Description
A 2D contact-rich manipulation task where an agent controls a circular end-effector to push a T-shaped block into a target pose. The environment uses Pymunk physics simulation with realistic friction and collision dynamics.
The agent must push the block to match both the target position and orientation, making this a challenging task that requires planning multi-step pushing sequences rather than simple point-to-point control.
Success criteria: The episode is successful when the block position error is less than 20 pixels AND the orientation error is less than π/9 radians (~20°) than the target configuration.

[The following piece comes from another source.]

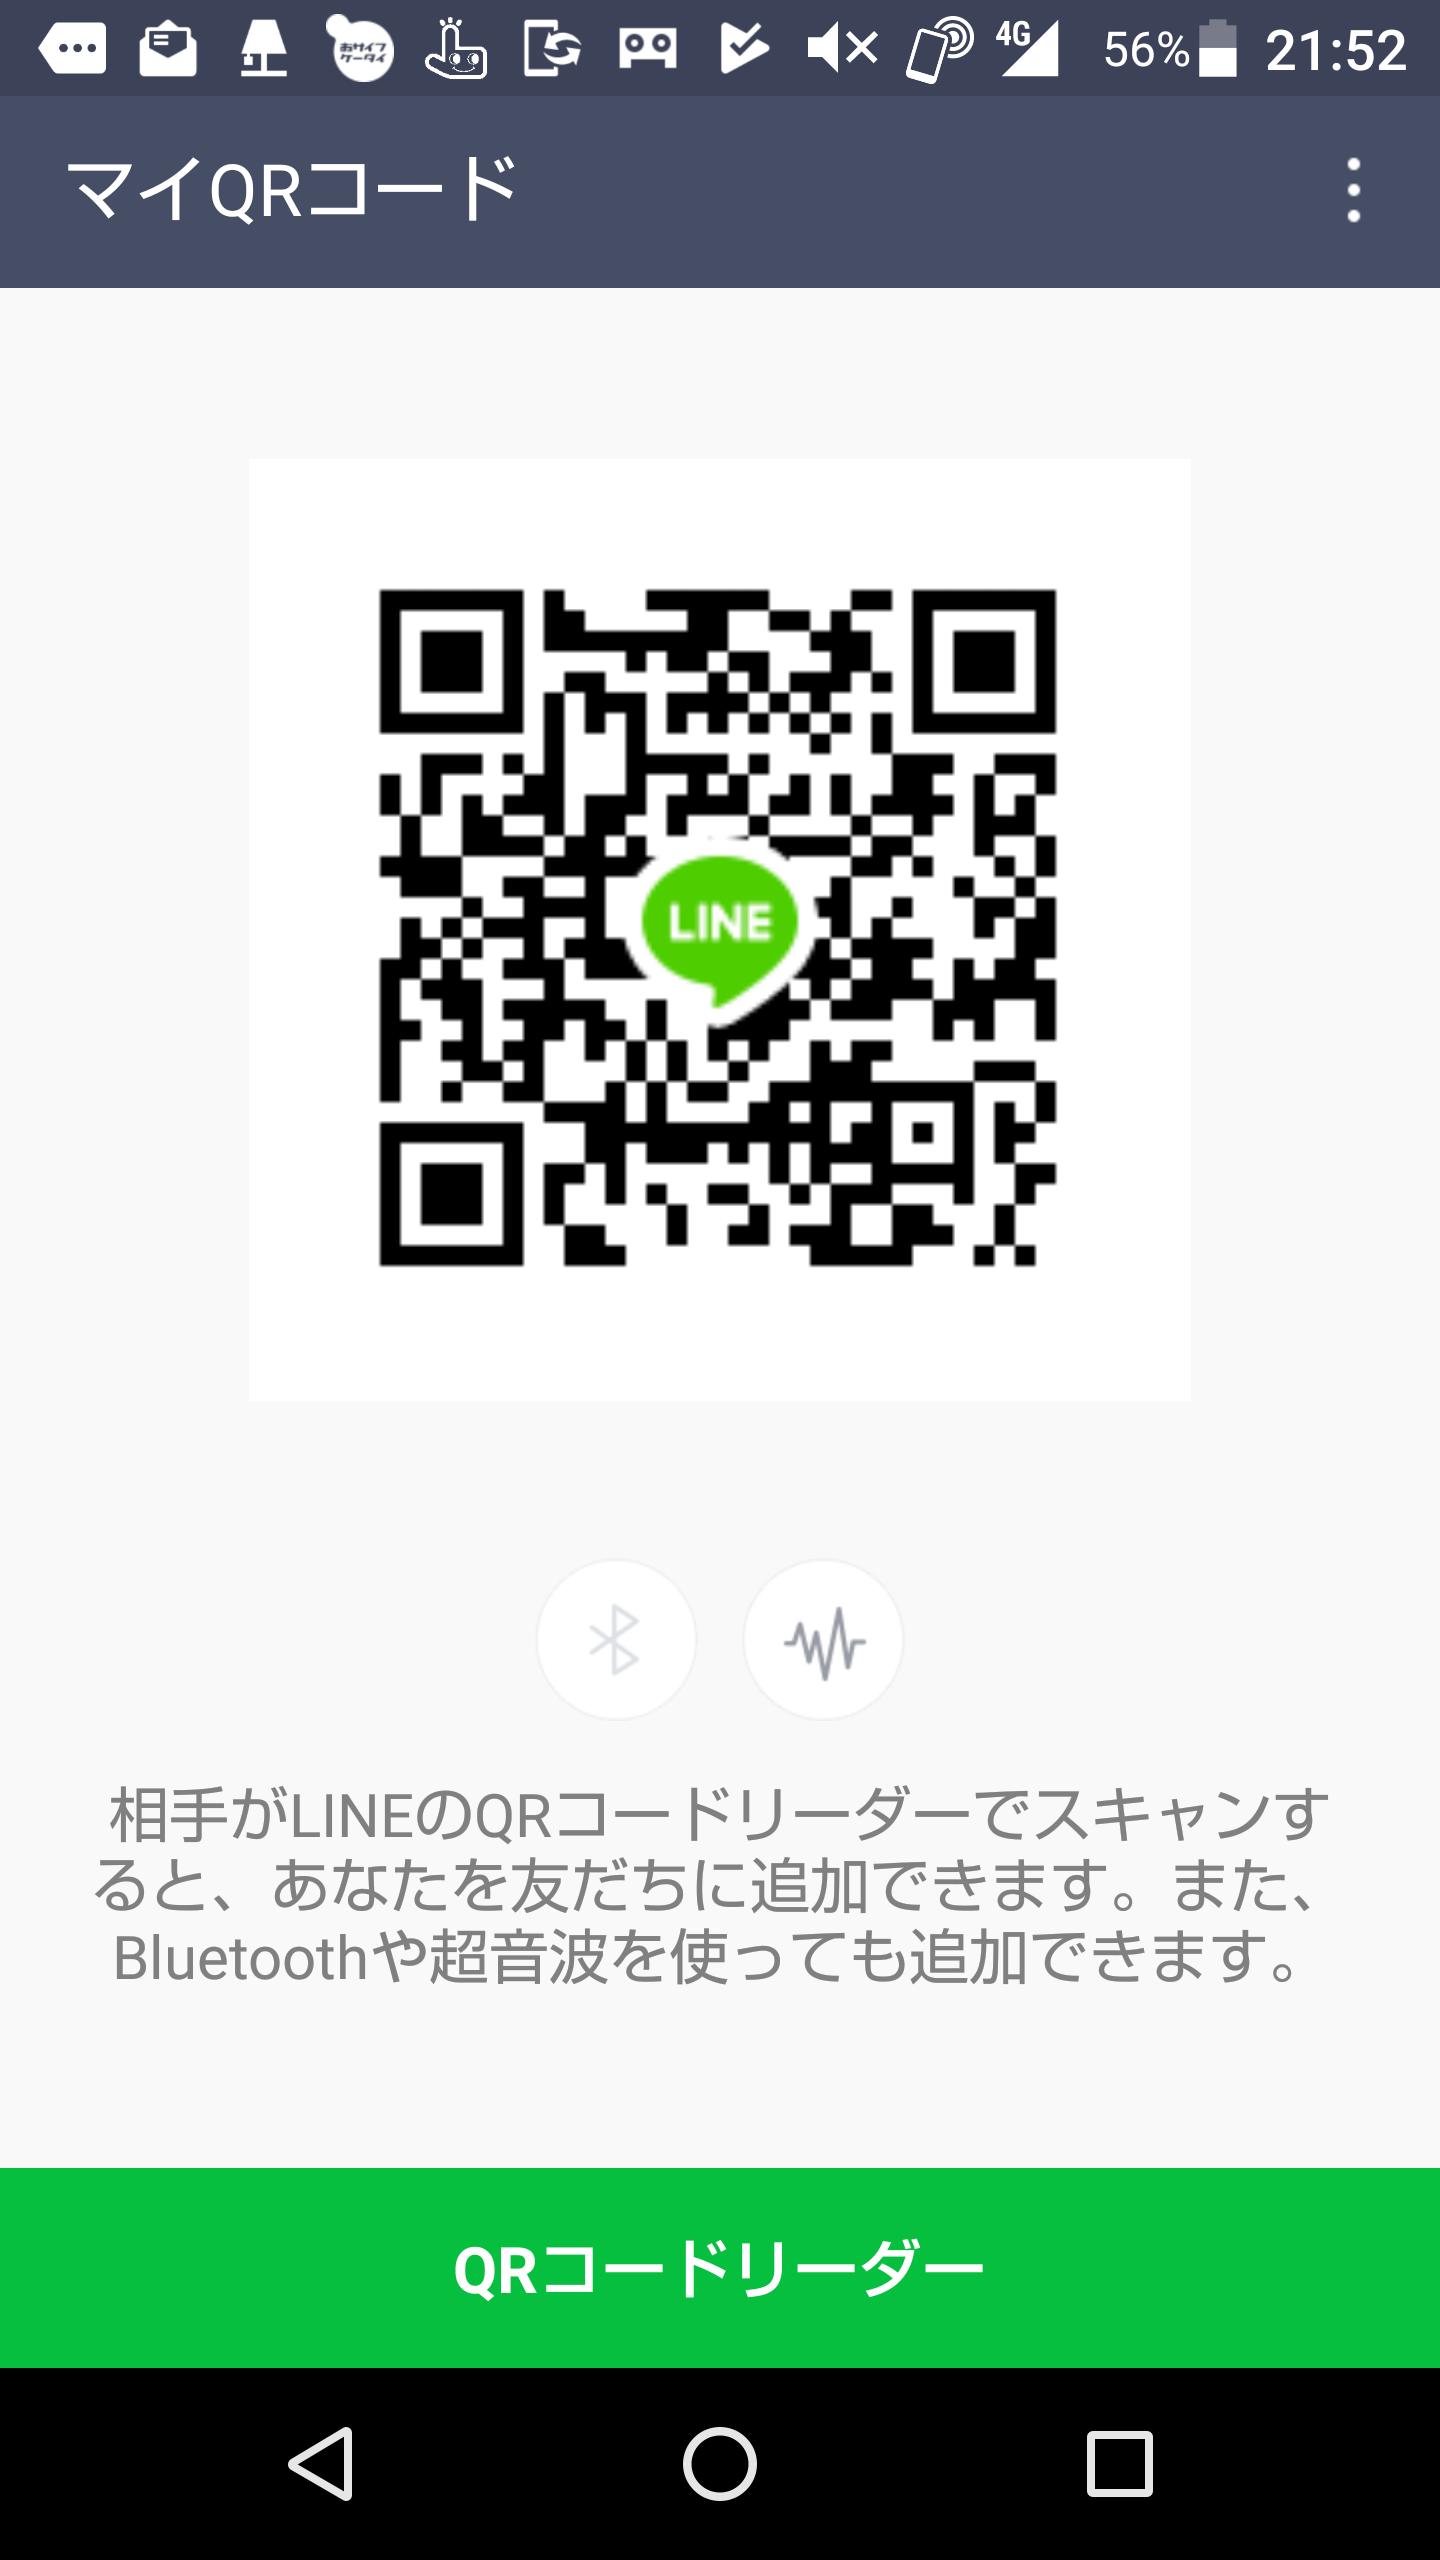 ゆーくんさんのLINE QRコード

import stable_worldmodel as swm
world = swm.World('swm/PushT-v1', num_envs=4, image_shape=(128, 128))
Environment Specs
| Property | Value |
|---|---|
| Action Space | Box(-1, 1, shape=(2,)) — 2D relative velocity control |
| Observation Space | Dict(proprio=(4,), state=(7,)) |
| Reward | Negative distance to goal state (higher is better) |
| Episode Length | 200 steps (default) |
| Render Size | 224×224 (configurable) |
| Physics | Pymunk, 10 Hz control, PD controller |
Observation Details
| Key | Shape | Description |
|---|---|---|
proprio |
(4,) |
Agent position (x, y) and velocity (vx, vy) |
state |
(7,) |
Full state: agent pos (2), block pos (2), block angle (1), agent vel (2) |
Info Dictionary
The info dict returned by step() and reset() contains:
| Key | Description |
|---|---|
goal |
Goal image (H, W, 3) |
goal_state |
Goal state vector (7,) |
goal_proprio |
Goal proprioception (4,) |
pos_agent |
Current agent position |
vel_agent |
Current agent velocity |
block_pose |
Block position and angle (3,) |
n_contacts |
Number of contact points this step |
Variation Space

The environment supports extensive customization through the variation space:
| Factor | Type | Description |
|---|---|---|
agent.color |
RGBBox | Agent color (default: RoyalBlue) |
agent.scale |
Box(20, 60) | Agent size |
agent.shape |
Discrete(8) | Shape index (default: circle) |
agent.angle |
Box(-2π, 2π) | Initial rotation |
agent.start_position |
Box([50, 50], [450, 450]) | Starting position |
agent.velocity |
Box([0, 0], [512, 512]) | Initial velocity |
block.color |
RGBBox | Block color (default: LightSlateGray) |
block.scale |
Box(20, 60) | Block size |
block.shape |
Discrete(7) | Shape: L, T, Z, square, I, small_tee, + |
block.angle |
Box(-2π, 2π) | Initial rotation |
block.start_position |
Box([100, 100], [400, 400]) | Starting position |
goal.color |
RGBBox | Goal overlay color (default: LightGreen) |
goal.scale |
Box(20, 60) | Goal size |
goal.angle |
Box(-2π, 2π) | Target rotation |
goal.position |
Box([50, 50], [450, 450]) | Target position |
background.color |
RGBBox | Background color (default: white) |
rendering.render_goal |
Discrete(2) | Whether to render the goal overlay (default: 1) |
Default Variations
By default, only these factors are randomized at each reset:
agent.start_positionblock.start_positionblock.angle
To randomize additional factors, pass them via the variation option:
# Randomize colors for domain randomization
world.reset(options={'variation': ['agent.color', 'block.color', 'background.color']})
# Randomize everything
world.reset(options={'variation': ['all']})
Datasets
| Name | Episodes | Policy | Download |
|---|---|---|---|
pusht_expert |
1000 | Weak Expert | — |
Expert Policy
This environment includes a built-in weak expert policy for data collection. The WeakPolicy generates actions that keep the agent near the block, increasing the probability of meaningful interactions during data collection.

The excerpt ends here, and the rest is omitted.